The "slope of the secant line" interpretation makes perfect sense for continuous functions and anyone familiar with the derivative knows its applications. For example, if $f(x)=x^2$, then its average rate of change (AROC) over the interval $[1, 2]$ is $f_{\rm AROC}=\frac{f(2)-f(1)}{2-1}=3$, and this can be used to roughly approximate the derivative of $f$.
But what about a discontinuous function, such as $g(x)=\begin{cases}0&\text{for }x<\frac12\\1&\text{for }x\ge\frac12\end{cases}$ over $[0, 1]$, or $h(x)=\frac1x$ over $[-1, 1]$? Does the notion of AROC make sense, so that $g_{\rm AROC}=\frac{1-0}{1-0}=1$ and $h_{\rm AROC}=\frac{1-(-1)}{1-(-1)}=1$?
I cannot seem to find a formal definition for the AROC, although some textbooks and calculators like Wolfram|Alpha express the AROC of $f(x)$ in terms of the average value of $f'(x)$, e.g.

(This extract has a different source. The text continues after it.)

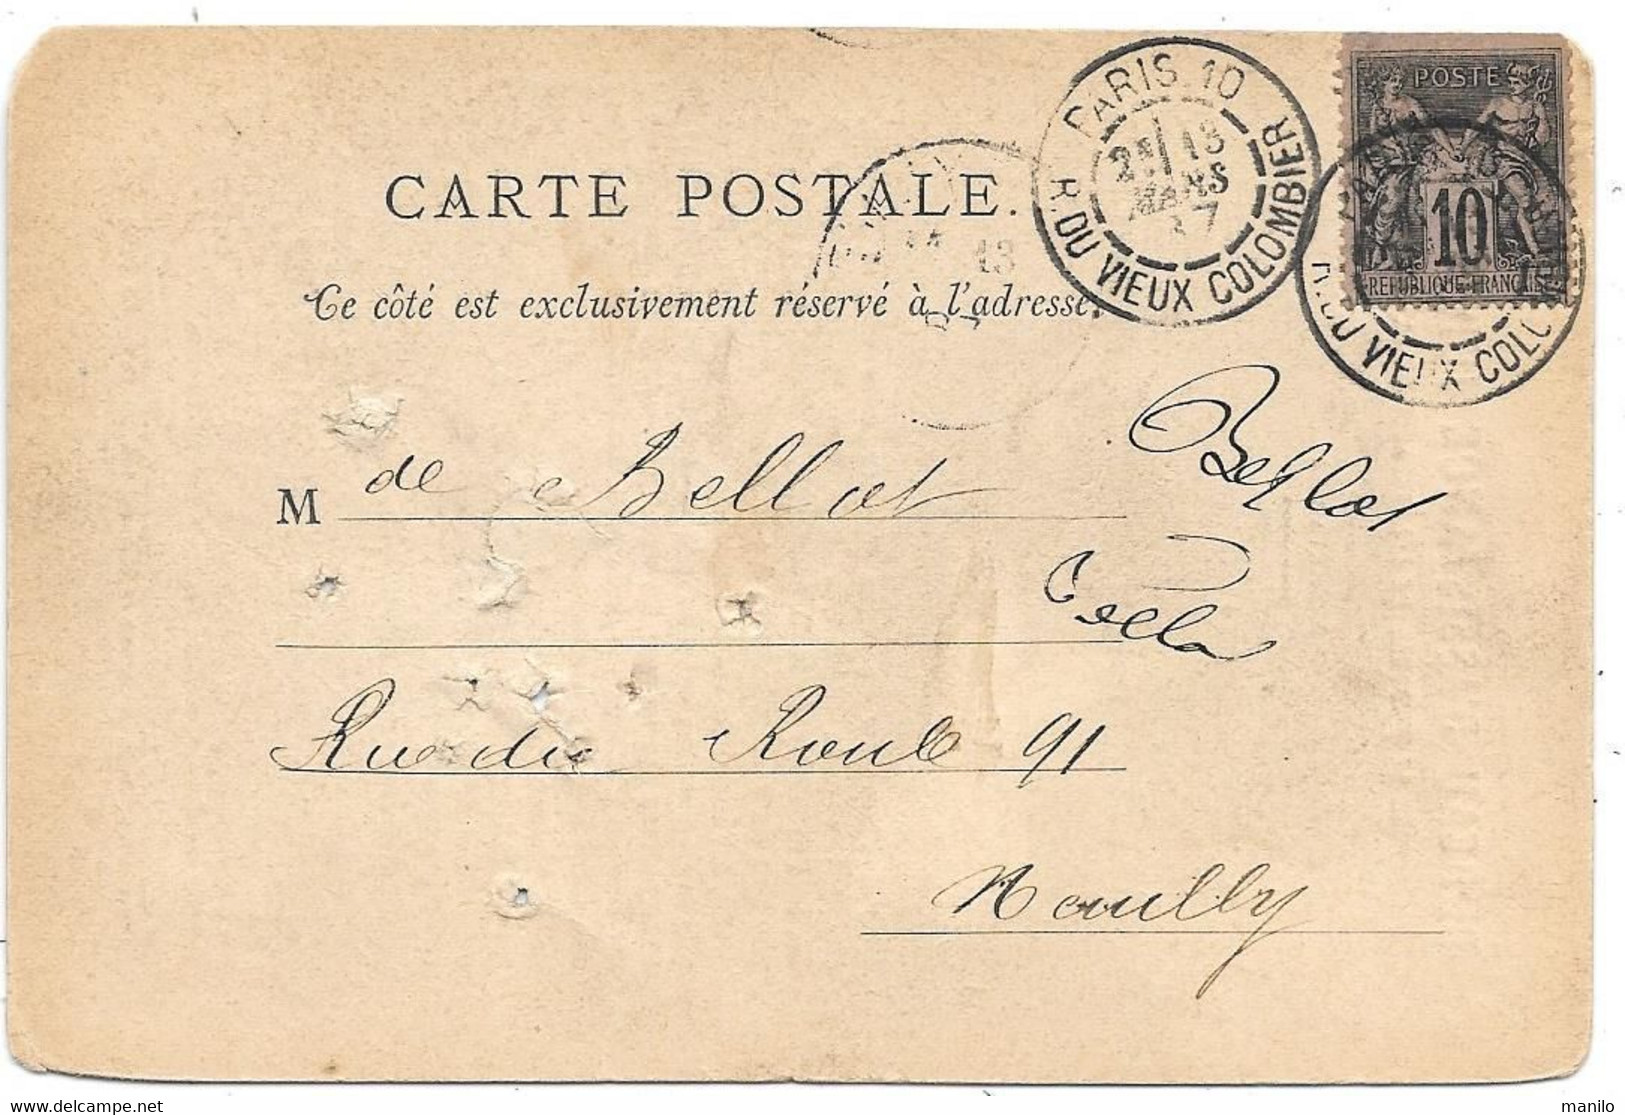 Carte Précurseur Repiquage BUREAU ASSISTANCE JUDICIAIRE 1887 (Refus) Timbre Type SAGE  Paris - Neuilly S/seine -65542 - Precursor Cards

$$f(x)=x^2,x\in[1,2]\\ \implies f_{\rm AROC}=\frac1{2-1}\int_1^2\frac{\mathrm d(x^2)}{\mathrm dx}\,\mathrm dx=2\int_1^2x\,\mathrm dx=3$$
and this discussion usually accompanies the mean value theorem, which does not apply to discontinuous functions.
The best I can come up with is defining $\lambda(x,y)=\frac{f(y)-f(x)}{y-x}$ and averaging it, using $$f_{AROC}=\frac{1}{\#U}\iint_U\lambda(x,y) dy dx$$
where I use $\#U$ to represent the length, area, volume, size etc of $U$.
For example, when $f: [1,2]\to [2,4] ; f(x)=x^2$, then $\lambda : [1,2]\times [1,2] \mapsto [2,4]; \lambda(x,y)=x+y$, and $$f_{AROC}=\frac{1}{1\cdot 1}\int_1^2\int_1^2 (x+y) dy dx =3$$
Applying this to $g$, we observe that: $$\lambda_g(x,y)=\begin{cases}\frac{-1}{y-x} & x\geq \frac 12, y< \frac 12 \\ \frac{1}{y-x} & x<\frac12, y\geq \frac12 \\ 0& \text{otherwise} \end{cases}$$
Again the area is $1\cdot 1=1$, and $$g_{AROC}=\bigg[\int_0^\frac 12 \int_\frac 12^1 \frac{1}{y-x}dy dx+\int_\frac12^1 \int_0^\frac 12 \frac{-1}{y-x} dy dx\bigg]=2\ln2$$
As seen here, note both double integrals are equal (but nasty!)
As for $h$, that integral does not converge, as is to be expected, due to the graph's asymptote at $x=0$